Background
I want to make a meter for my amateur radio station that can log transmitted power, swr, and the transmitted frequency to a file. For the detector, I’ll use a directional coupler with AD8307 log-amplifiers. I have submitted the gerber files from DJ0ABR’s site to JLCPCB, this directional coupler makes the power measurement a matter of the reading the DC-voltage coming of the forward and reflected log amplifiers. For detecting the frequency of transmission, and Arduino can easily count the frequency to the accuracy that I need. But the microcontroller needs some pre-processing to read the frequency from the directional coupler.

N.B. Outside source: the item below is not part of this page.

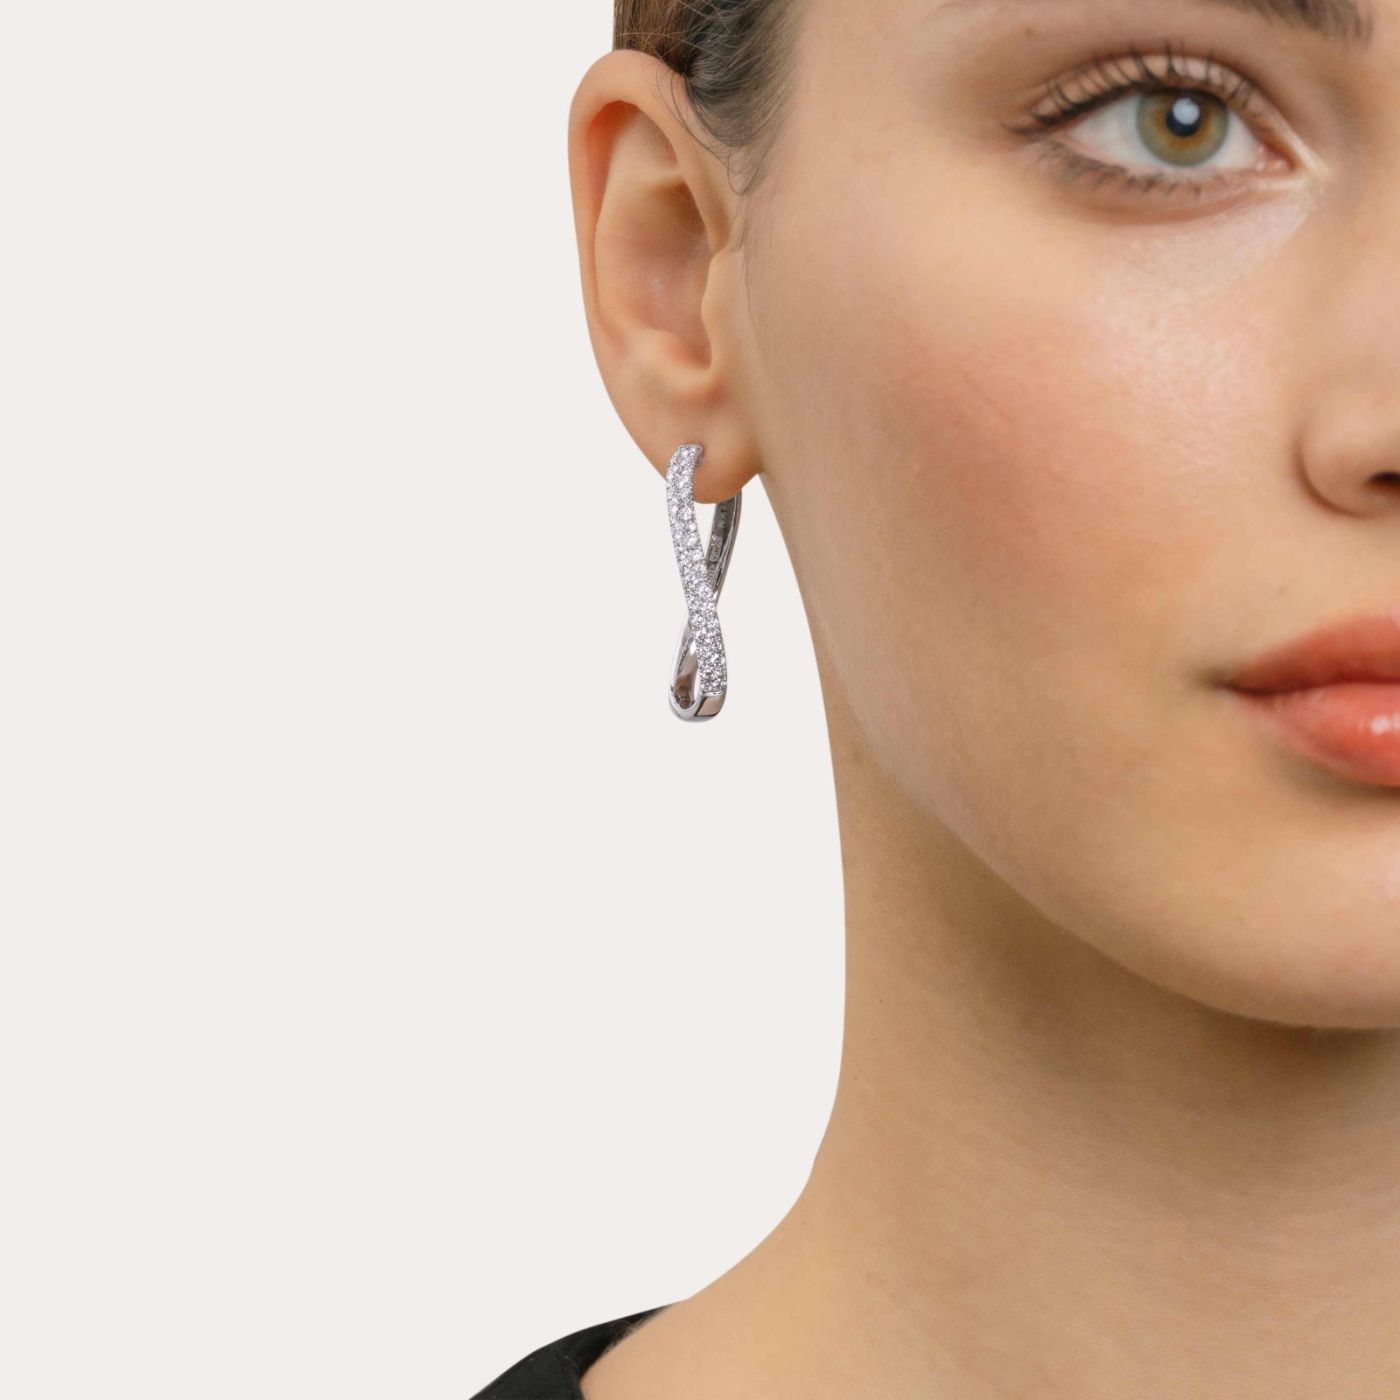 White gold hoop earrings with diamonds

The frequency counting issue was addressed by Larry Phipps, N8LP, in his 2006 QEX paper on the LP100. His solution is to amplify the forward measurement (by a lot), then limiting this, level shifting, and sending this straight into a microcontroller. If I am to to count using an Arduino, I also need to divide down the frequency before sending the TTL level signal to the Arduino, but this shouldn’t be a problem (with 74HC14 to square up the RF and an 74HC390 to divide the frequency down to something the Arduino can count). I figured I should run the frequency detect amplifier of N8LP for a test.
The amplifier in question is a simple 3-transistor class A amplifier like this (with some value substitutions to reflect what I have on hand):
Building the amplifier
I used this as an occasion to try out the construction technology I’ve seen Thomas Knutsen, LA3PNA, use in a youtube video. Using the cutter disc that I have for my Dremel, I ended up with this:
Dremel-cut copper clad board
Esthetically, this is only a partial success. And since my Dremel cut-off wheel was fairly large (a diameter of 38mm), it was difficult to avoid overshooting the cuts. And for Q2 and Q3, the T-joint for the transistors have these overshoot where the collector is intended to go. This made it add some wires to the installation of these transistors, and the end result is not beautiful. But after some fiddling around, it seems to work in this fairly ugly state (with 0805 for the capacitors and resistors):
Built up amplifier
Measurements
Hooking the amplifier up to 12V, it draws around 60mA. I used my HP8657A as a signal source and my Rigol 2072A oscilloscope to measure the output (with an 10:1 probe).
The amplifier is fairly high impedance input and intended for a high impedance output. I used the oscilloscope as the load on the amplifier, and started with the signal generator set to a level of -60dBm at 1MHz. As expected, the gain of the amplifier dropped off with frequency; I re-adjusted the level out of the frequency generator as I adjusted the frequency from 1MHz to 30MHz. These are my measurements:
The input impedance is high, and the load is also high impedance. To calculate the gain in terms of voltage alone, I take into account that the input is twice that of the indicated input power (since it is not divided by two in a 50-ohm termination).
Adjusting for the increasing input power, I calculate the following gain based on the voltage input and outputs:
The discontinuities at 10 and 20 MHz might be due to compression/distortion at those those levels. To conclude, the gain of the amplifier is severely decreasing in frequency. (This is a feature of the design not of weaknesses in my build, it is confirmed by simulations in LTSpice.) But the amplifier does provide about 43 dB at 30 MHz, sufficient to activate the frequency counter (?).